**WORK TO BE COMPLETED**: The result should be the line with "розова рокля, бонбонено" followed by every remaining line of the entries, each reproduced exactly, with nothing else.

**EXERCISE DATA**:

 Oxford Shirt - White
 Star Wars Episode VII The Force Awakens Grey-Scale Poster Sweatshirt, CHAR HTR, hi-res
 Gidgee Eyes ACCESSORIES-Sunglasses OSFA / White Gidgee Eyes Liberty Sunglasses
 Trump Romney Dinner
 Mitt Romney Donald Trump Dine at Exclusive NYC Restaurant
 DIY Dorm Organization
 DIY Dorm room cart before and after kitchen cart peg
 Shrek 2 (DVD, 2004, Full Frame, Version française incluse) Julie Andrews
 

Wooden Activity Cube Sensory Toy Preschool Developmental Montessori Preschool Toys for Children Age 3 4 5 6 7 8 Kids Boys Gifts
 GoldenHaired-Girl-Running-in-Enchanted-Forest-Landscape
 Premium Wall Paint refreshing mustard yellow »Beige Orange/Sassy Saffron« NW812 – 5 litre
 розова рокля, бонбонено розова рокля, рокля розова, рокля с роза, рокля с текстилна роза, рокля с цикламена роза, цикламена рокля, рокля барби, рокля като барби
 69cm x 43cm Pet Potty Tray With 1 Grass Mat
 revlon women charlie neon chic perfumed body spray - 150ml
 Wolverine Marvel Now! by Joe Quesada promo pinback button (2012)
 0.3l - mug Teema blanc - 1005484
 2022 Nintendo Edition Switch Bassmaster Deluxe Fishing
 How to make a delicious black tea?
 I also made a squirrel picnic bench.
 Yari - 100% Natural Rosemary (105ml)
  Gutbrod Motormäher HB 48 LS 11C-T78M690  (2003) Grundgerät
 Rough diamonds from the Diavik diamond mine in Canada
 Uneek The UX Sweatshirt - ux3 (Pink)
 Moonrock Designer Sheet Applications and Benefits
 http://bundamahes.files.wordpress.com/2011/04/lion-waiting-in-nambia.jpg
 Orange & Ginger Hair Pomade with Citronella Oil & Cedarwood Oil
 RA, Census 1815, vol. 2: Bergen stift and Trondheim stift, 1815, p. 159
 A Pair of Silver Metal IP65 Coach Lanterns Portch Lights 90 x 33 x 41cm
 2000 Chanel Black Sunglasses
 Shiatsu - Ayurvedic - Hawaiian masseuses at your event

**EXERCISE OUTPUT**:
 розова рокля, бонбонено розова рокля, рокля розова, рокля с роза, рокля с текстилна роза, рокля с цикламена роза, цикламена рокля, рокля барби, рокля като барби
 69cm x 43cm Pet Potty Tray With 1 Grass Mat
 revlon women charlie neon chic perfumed body spray - 150ml
 Wolverine Marvel Now! by Joe Quesada promo pinback button (2012)
 0.3l - mug Teema blanc - 1005484
 2022 Nintendo Edition Switch Bassmaster Deluxe Fishing
 How to make a delicious black tea?
 I also made a squirrel picnic bench.
 Yari - 100% Natural Rosemary (105ml)
  Gutbrod Motormäher HB 48 LS 11C-T78M690  (2003) Grundgerät
 Rough diamonds from the Diavik diamond mine in Canada
 Uneek The UX Sweatshirt - ux3 (Pink)
 Moonrock Designer Sheet Applications and Benefits
 http://bundamahes.files.wordpress.com/2011/04/lion-waiting-in-nambia.jpg
 Orange & Ginger Hair Pomade with Citronella Oil & Cedarwood Oil
 RA, Census 1815, vol. 2: Bergen stift and Trondheim stift, 1815, p. 159
 A Pair of Silver Metal IP65 Coach Lanterns Portch Lights 90 x 33 x 41cm
 2000 Chanel Black Sunglasses
 Shiatsu - Ayurvedic - Hawaiian masseuses at your event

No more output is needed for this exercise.